How to install Docker?

First, register for a Docker Hub account here. Then download Docker Desktop (Windows) from Docker Hub here. Start Docker Desktop before using it.

How to use Docker?

Assume I have built an web-based app. The front-end is written in HTML and CSS, and the back-end is mostly in Python and Flask. I’ve run the app successfully in my local server in my Windows 10 machine, and now I want to use Docker to wrap it so that I can use it anywhere in any machine.

Let’s say my current file directory (let’s name it root directory) looks like the following:

Name ——————– Type

static ——————— File folder

templates —————- File folder

app.py ——————– Python File

requirements.txt ——— Text Documents

README.MD ————- MD File

Here the static folder contains mutilple subfolders all related to the UI design of the web-based app. The templates folder contains html pages the web-based app is made of. app.py is key file to run the app. requirements.txt includes a list of software needs to be installed to run the app (you don’t need to include python here since it will be installed in Dockerfile, see below). The README.MD file includes detailed instructions about this app and how to run it.

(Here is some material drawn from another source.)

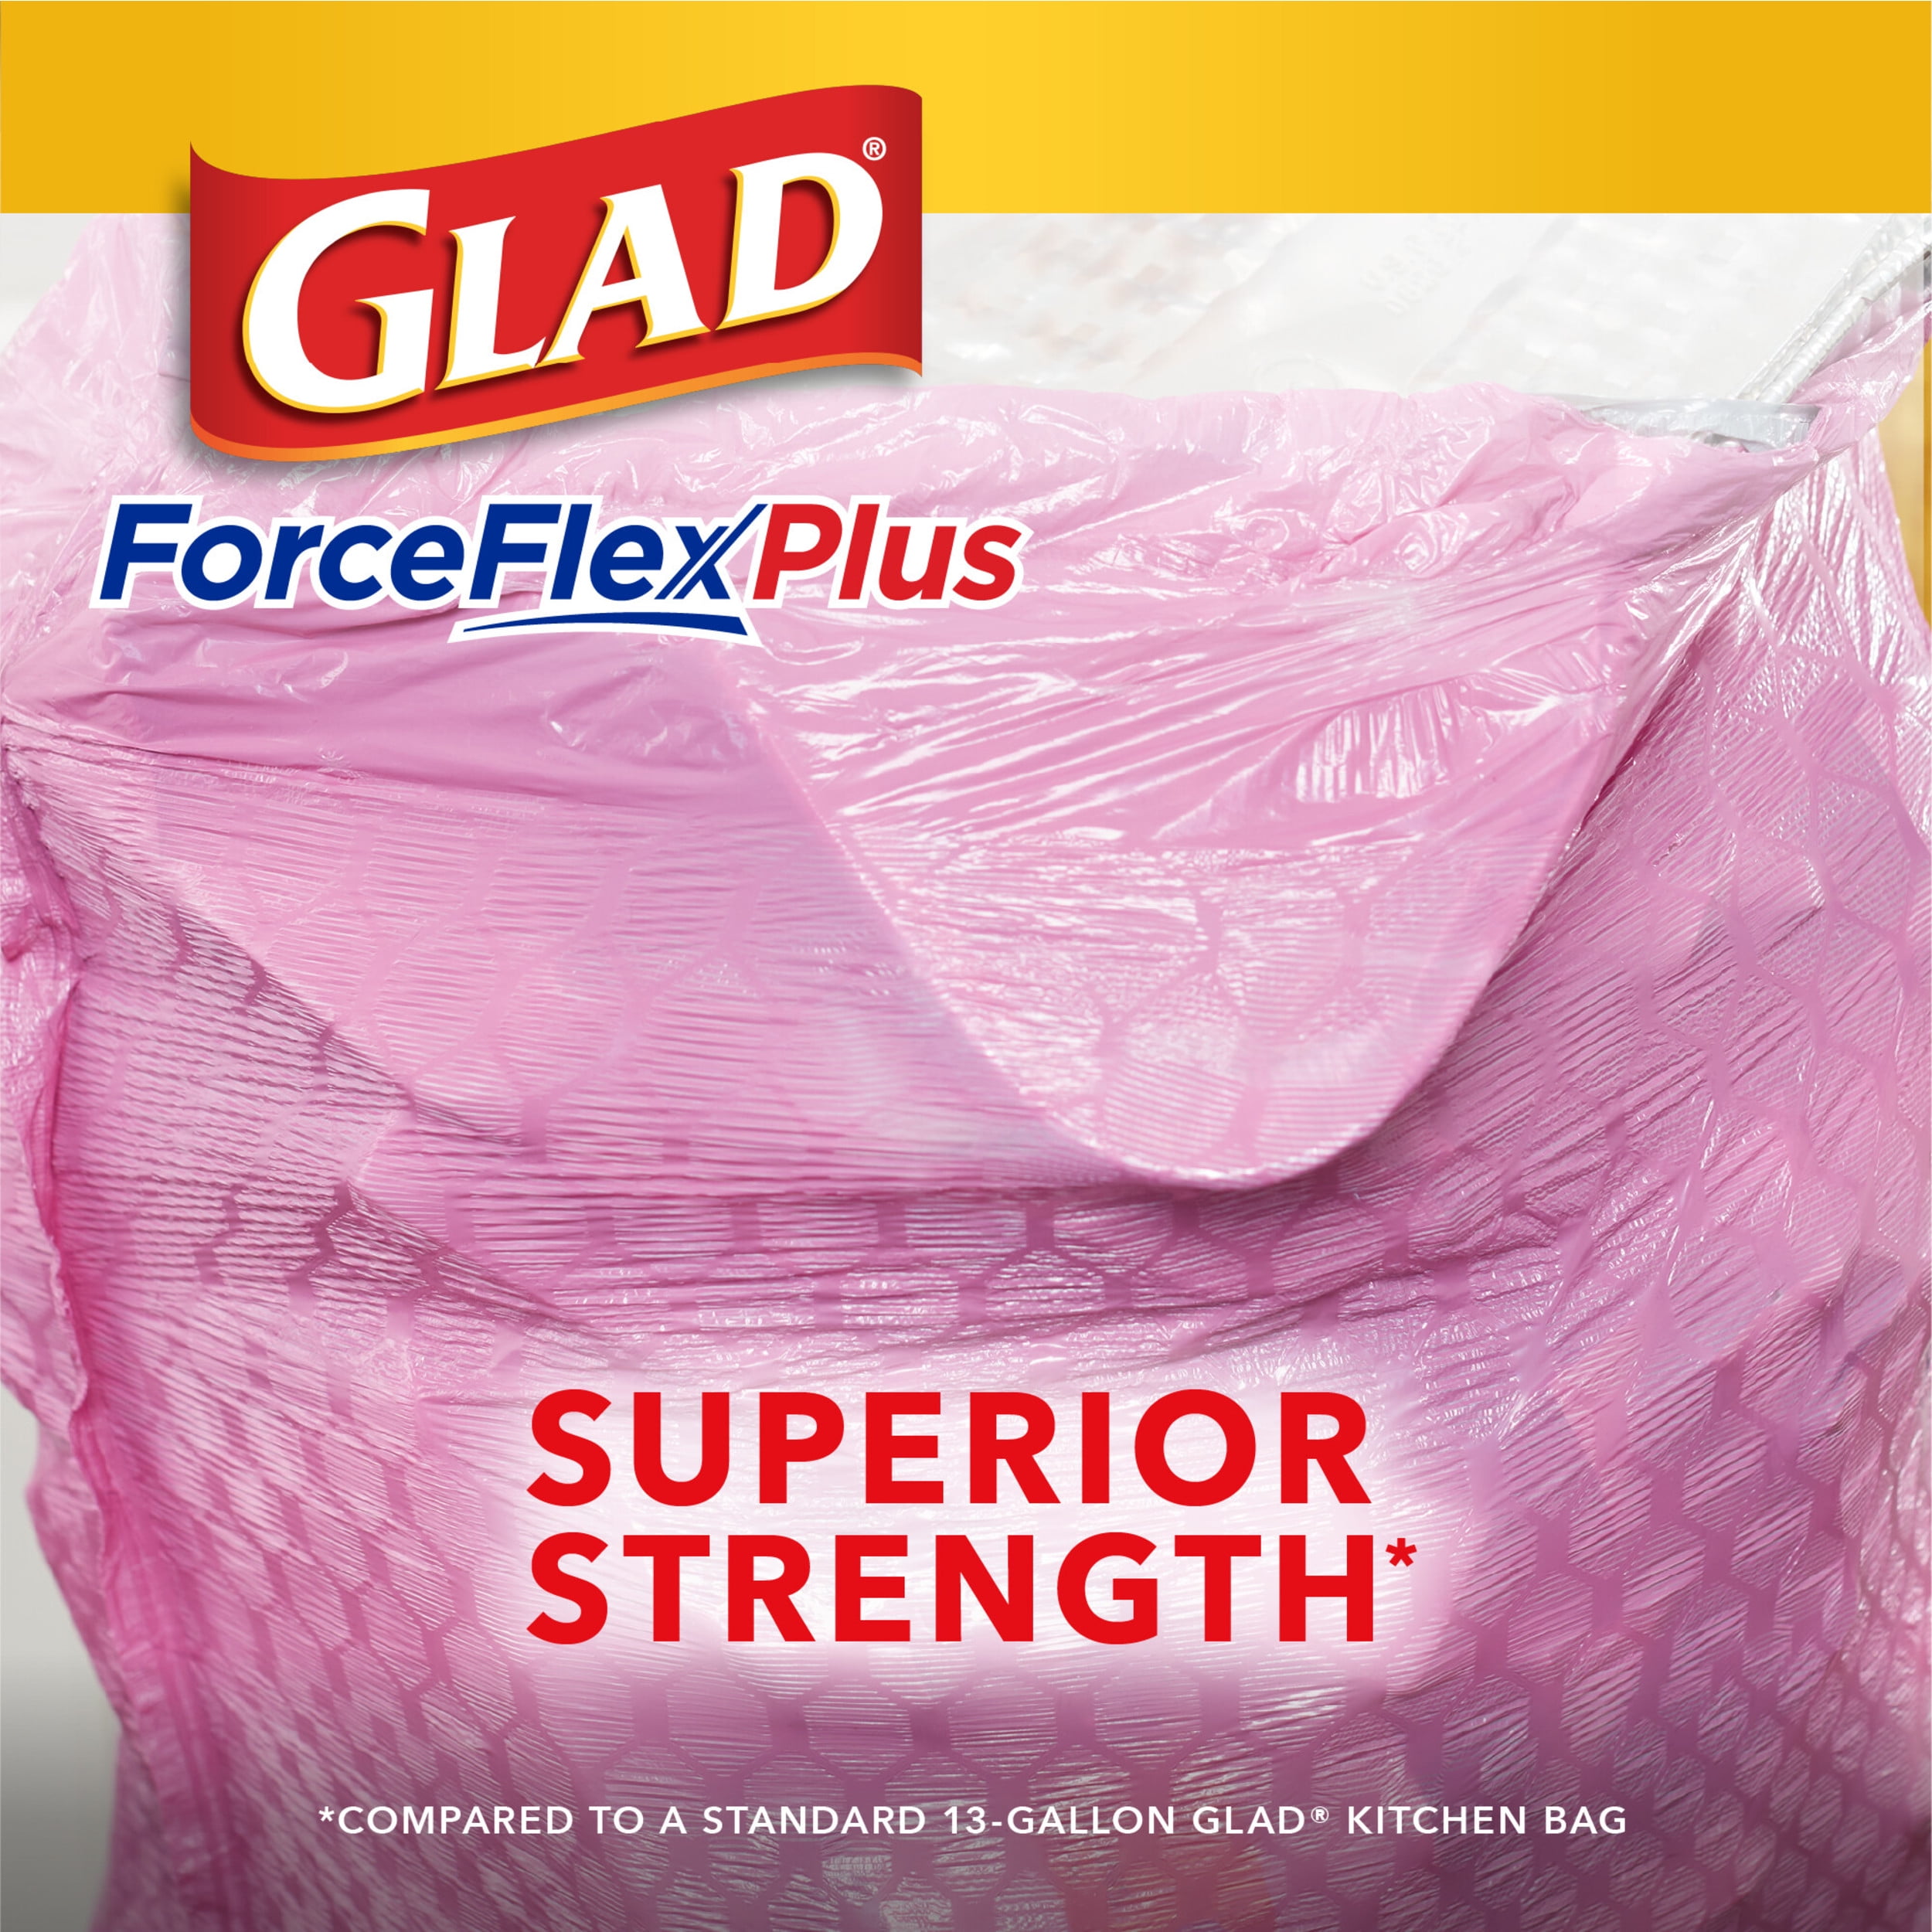 YaFex-goods 20 Gallon Trash Bag 15 Count Bulk Heavy Duty Garbage Bags Home  Kitchen - Pink

First, create Dockerfile under the root directory. It defines what goes on in the environment inside your container. Copy-and-paste the following content into that file, and save it.

# Use an official Python runtime as a parent image
# Here the Python version needs to be the one needed to run your existing app
FROM python:3.5-slim

# Set the working directory to /app
WORKDIR /app

# Copy the current directory contents into the container at /app
COPY . /app

# Install any needed packages specified in requirements.txt
RUN pip install --trusted-host pypi.python.org -r requirements.txt

# Make port 80 available to the world outside this container
# Without this line, your app won't be able to run using Docker container
EXPOSE 80

# Define environment variable
ENV NAME World

# Run app.py when the container launches
CMD ["python", "app.py"]

Next, open a Windows PowerShell or Anaconda Prompt. Check your docker version to make sure it is running on your machine using the following command:

$ docker -v

Then log into your Docker Hub so that you can push and pull images later using the following command:

$ docker login

If you don’t have a Docker account, go to https://hub.docker.com to create one. Without successful login, you won’t be able to proceed to the next step.

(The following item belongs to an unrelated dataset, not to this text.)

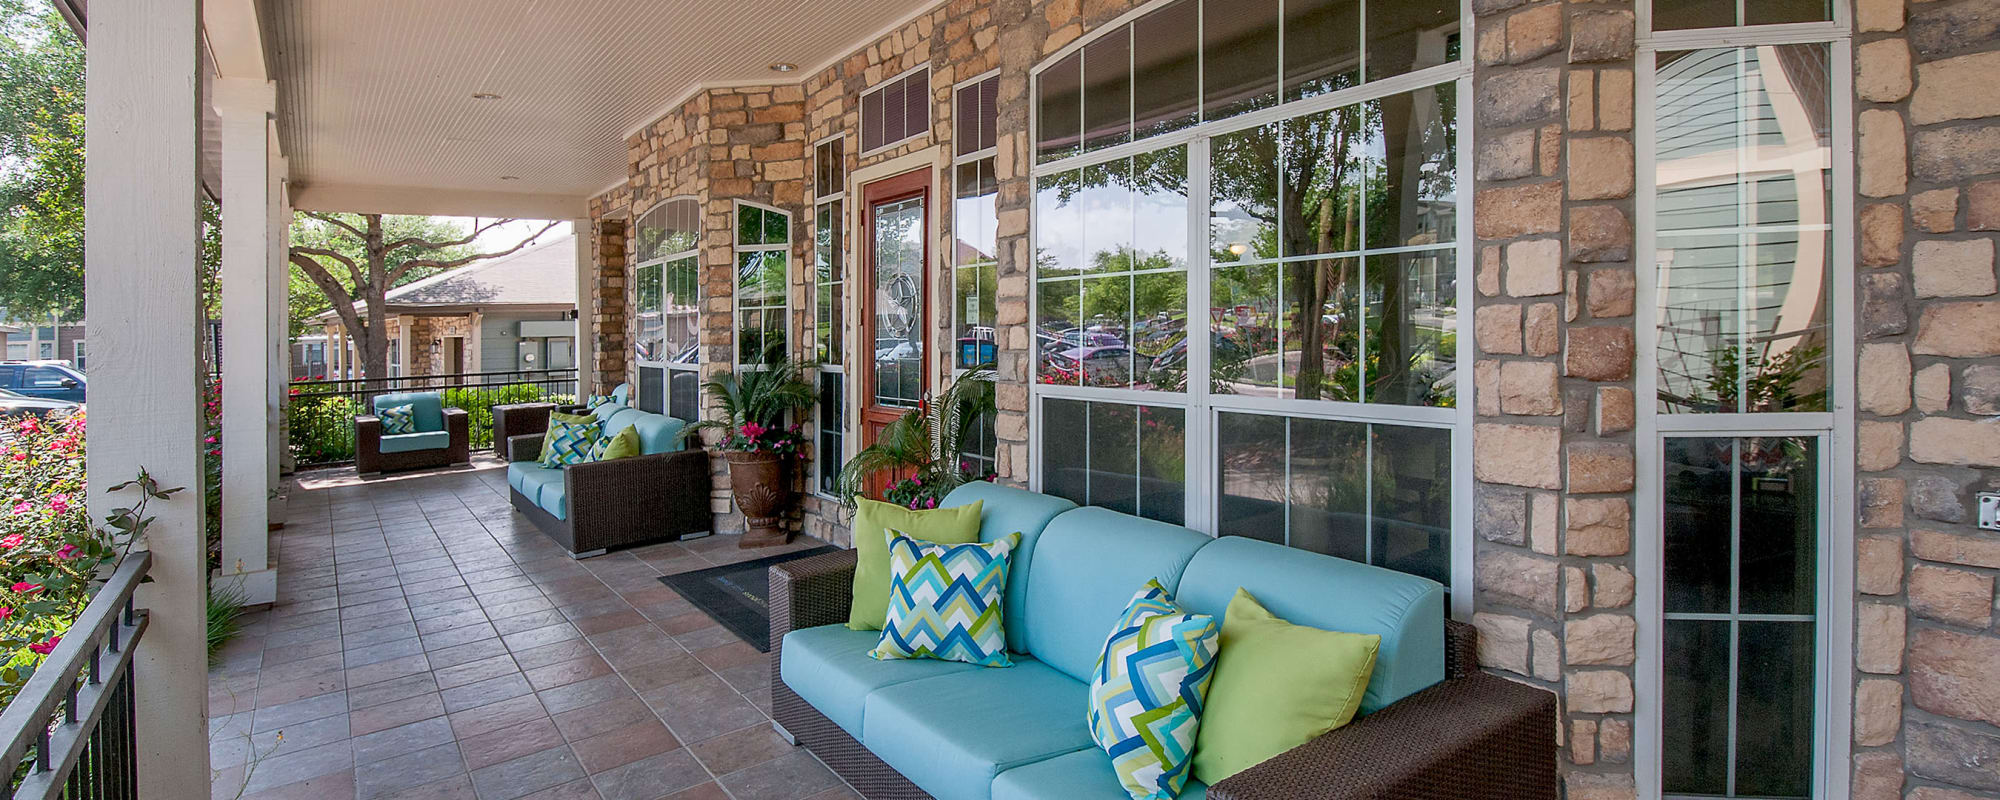 Covered porch at Sunrise Canyon in Universal City, Texas

Let’s first check existing Docker images and containers:

$ docker image ls
$ docker container ls --all

All the above command line can be run in any directory. Now let’s go to the root directory mentioned above and start to use Docker for our web-based app.

First, build a Docker image for the app using the following command line under the root directory:

$ docker build --tag=studentgrade:v1

or

$ docker build --tag=studentgrade .

Here studentgrade is my Docker image name, v1 is additional note denoting version 1. If everything goes well, all packages in the requirements.txt file will be installed and a Docker image will be successfully created. The whole process may take a while and you will see the progress in the command line.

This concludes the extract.